(What to produce)
Each line below is to be copied exactly; images do not go into the copy.

(Input data)
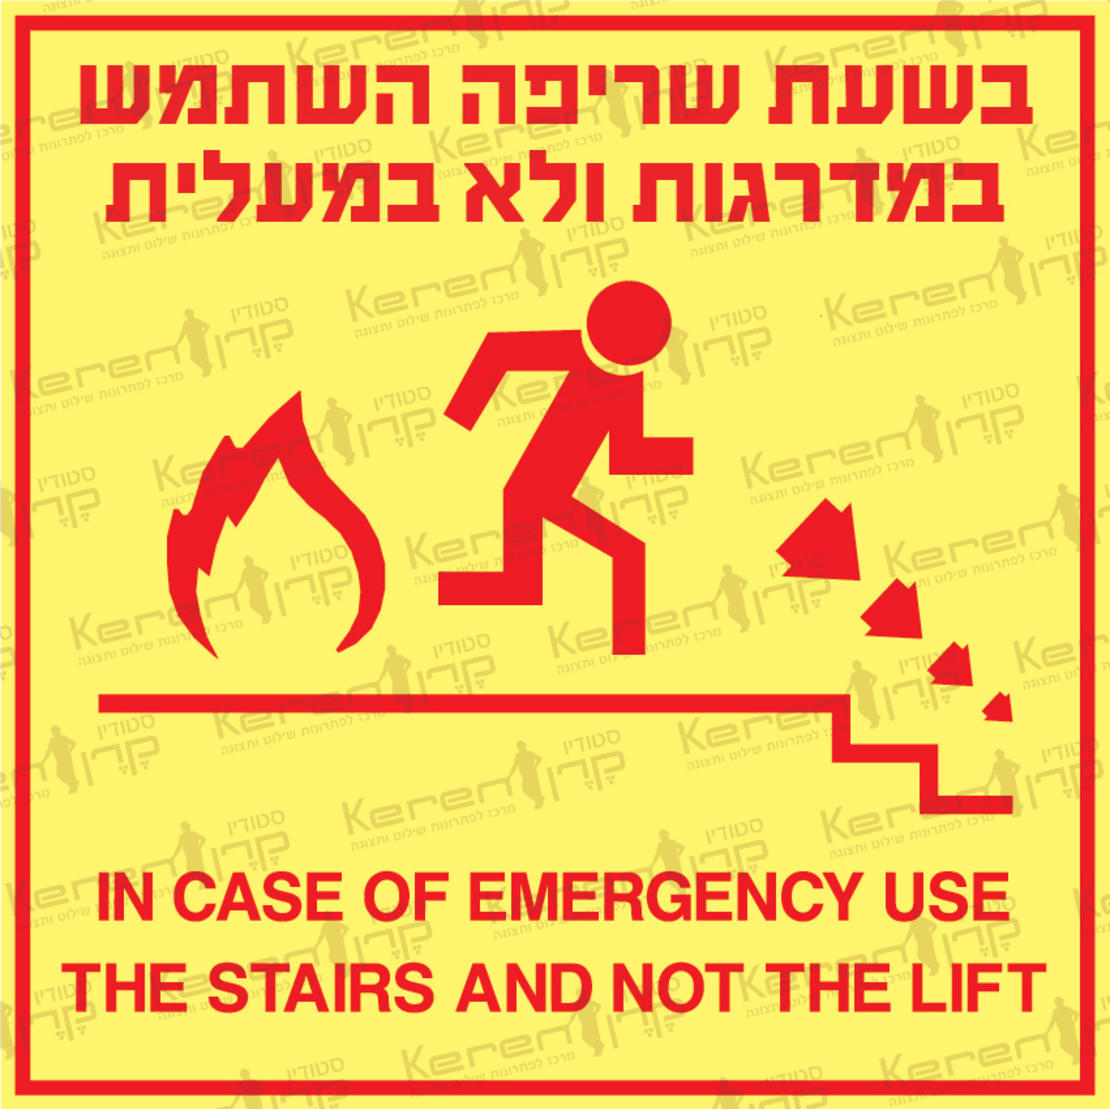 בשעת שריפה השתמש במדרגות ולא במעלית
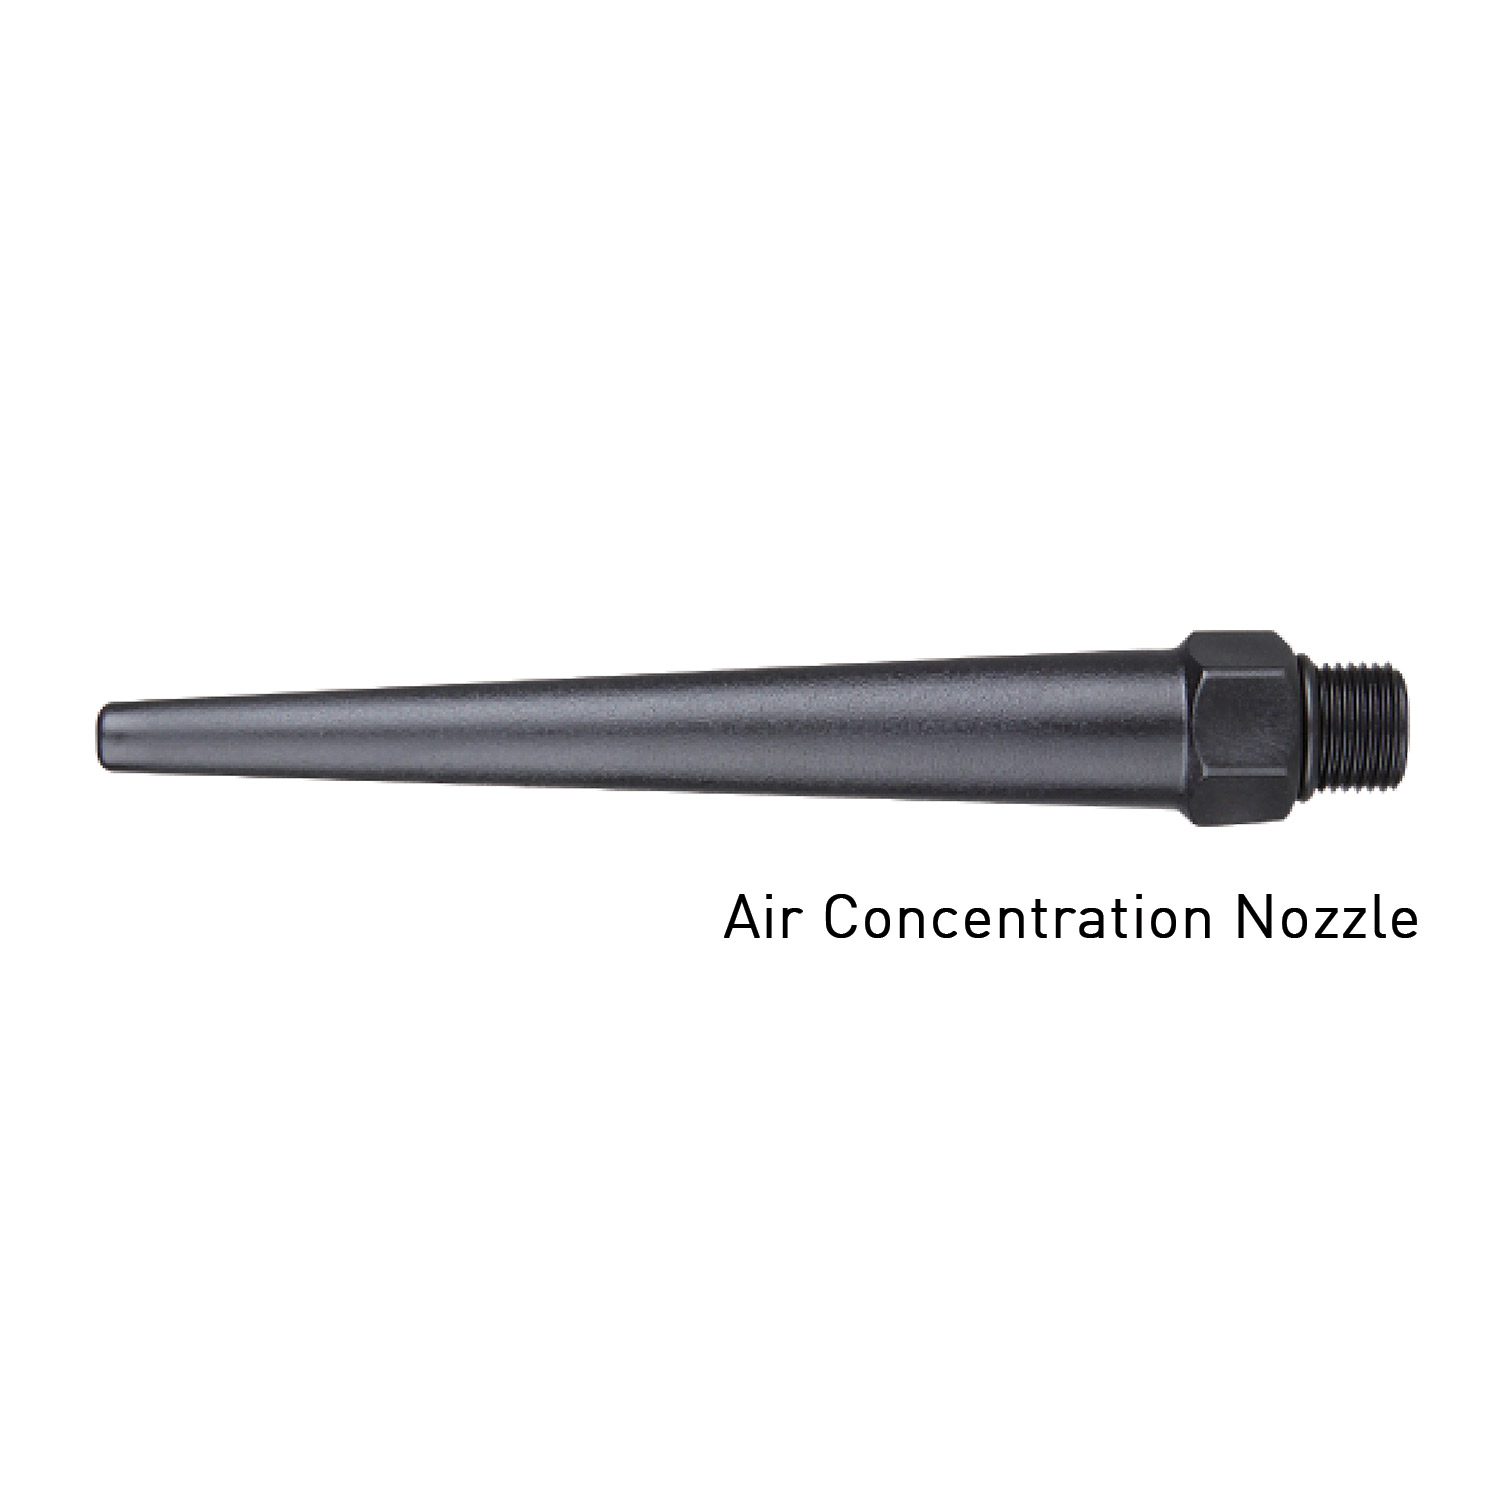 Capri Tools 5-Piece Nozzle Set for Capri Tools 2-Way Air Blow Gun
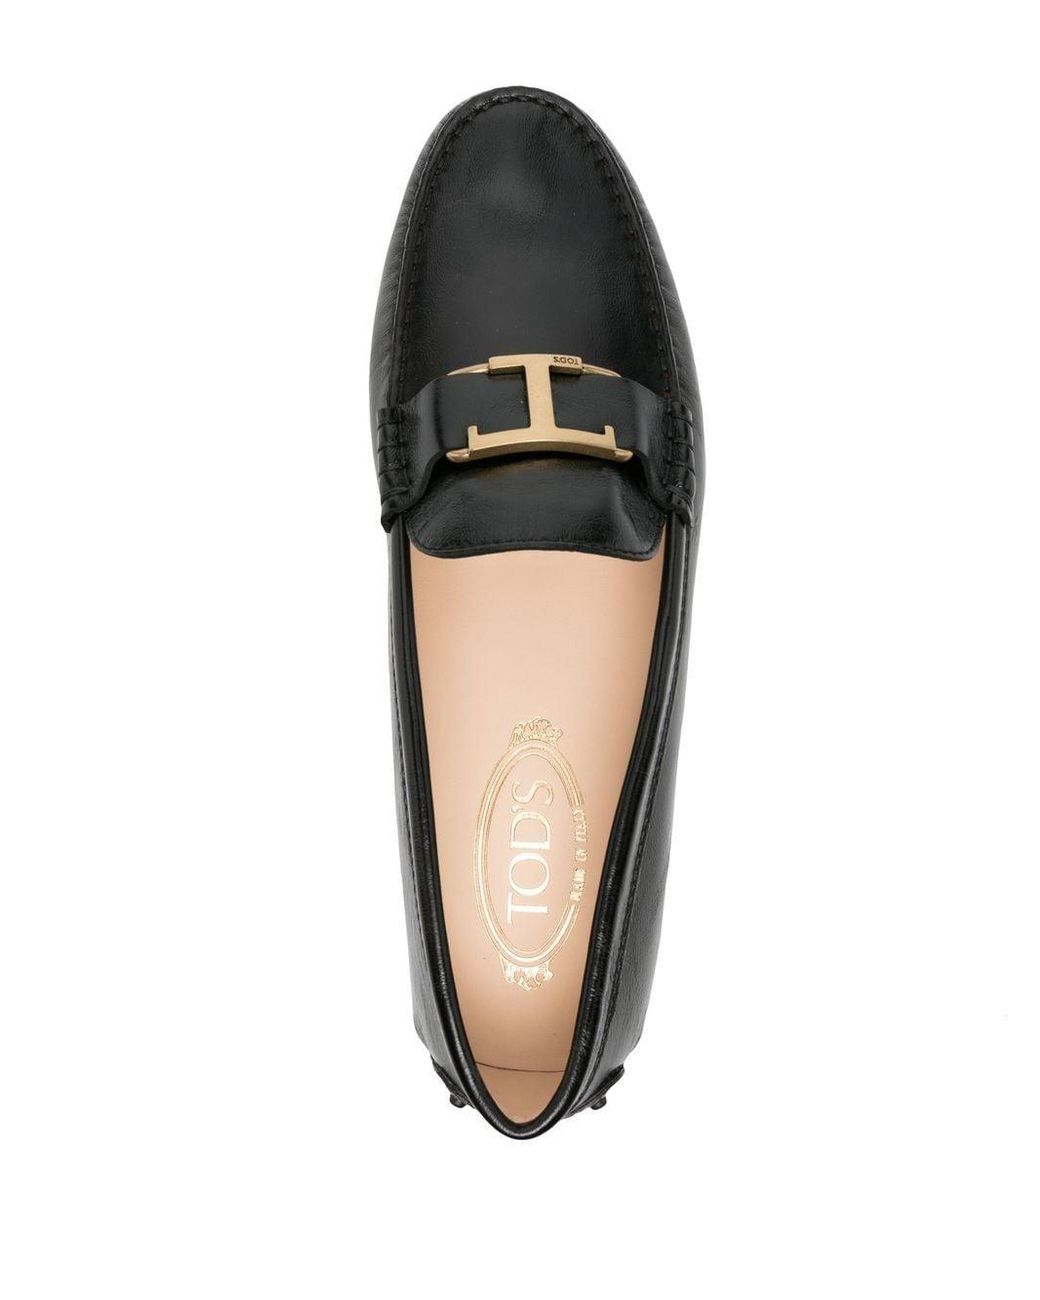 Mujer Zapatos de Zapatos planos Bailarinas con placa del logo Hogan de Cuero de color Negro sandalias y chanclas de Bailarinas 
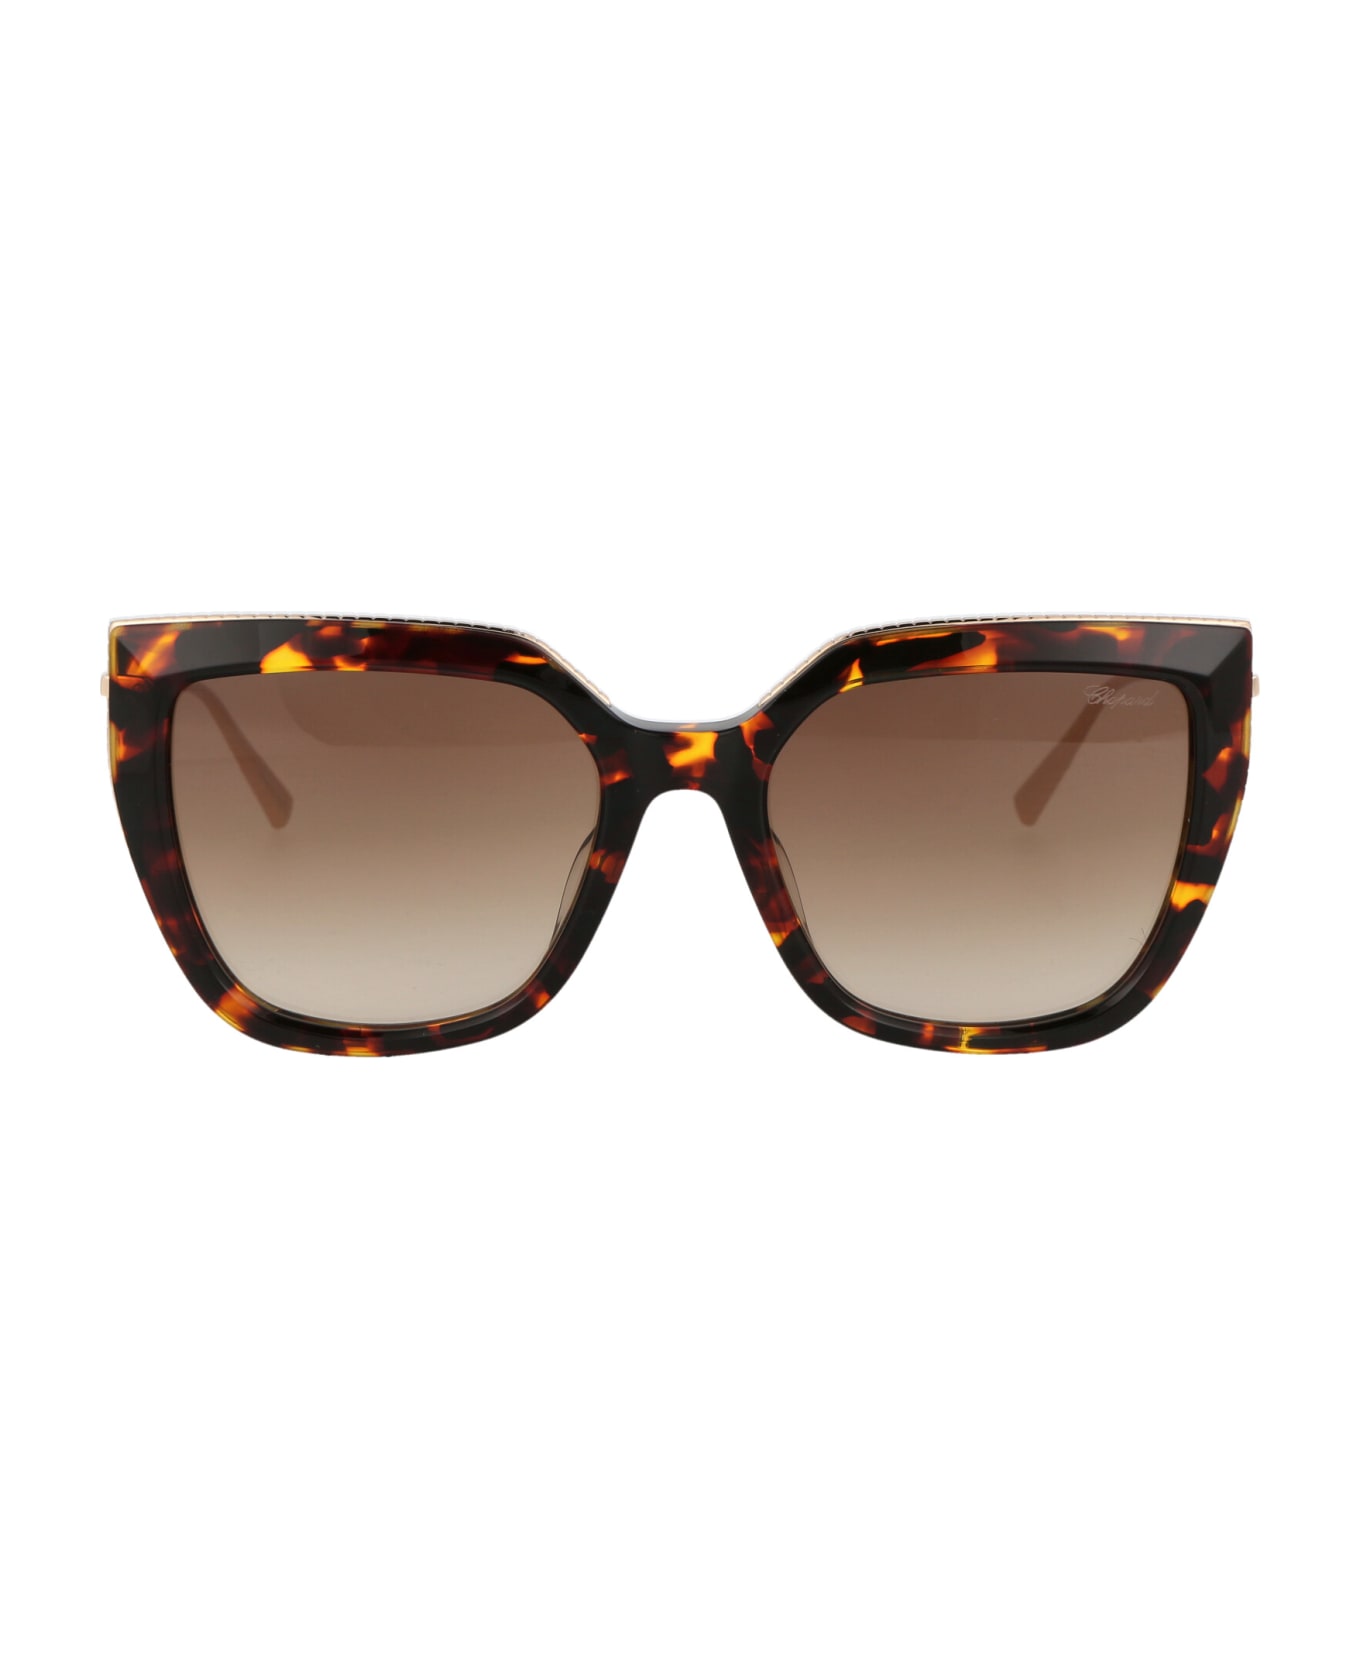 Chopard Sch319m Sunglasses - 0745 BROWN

(Result of this exercise)
 בשעת שריפה השתמש במדרגות ולא במעלית
 Capri Tools 5-Piece Nozzle Set for Capri Tools 2-Way Air Blow Gun
 Mujer Zapatos de Zapatos planos Bailarinas con placa del logo Hogan de Cuero de color Negro sandalias y chanclas de Bailarinas 
 Chopard Sch319m Sunglasses - 0745 BROWN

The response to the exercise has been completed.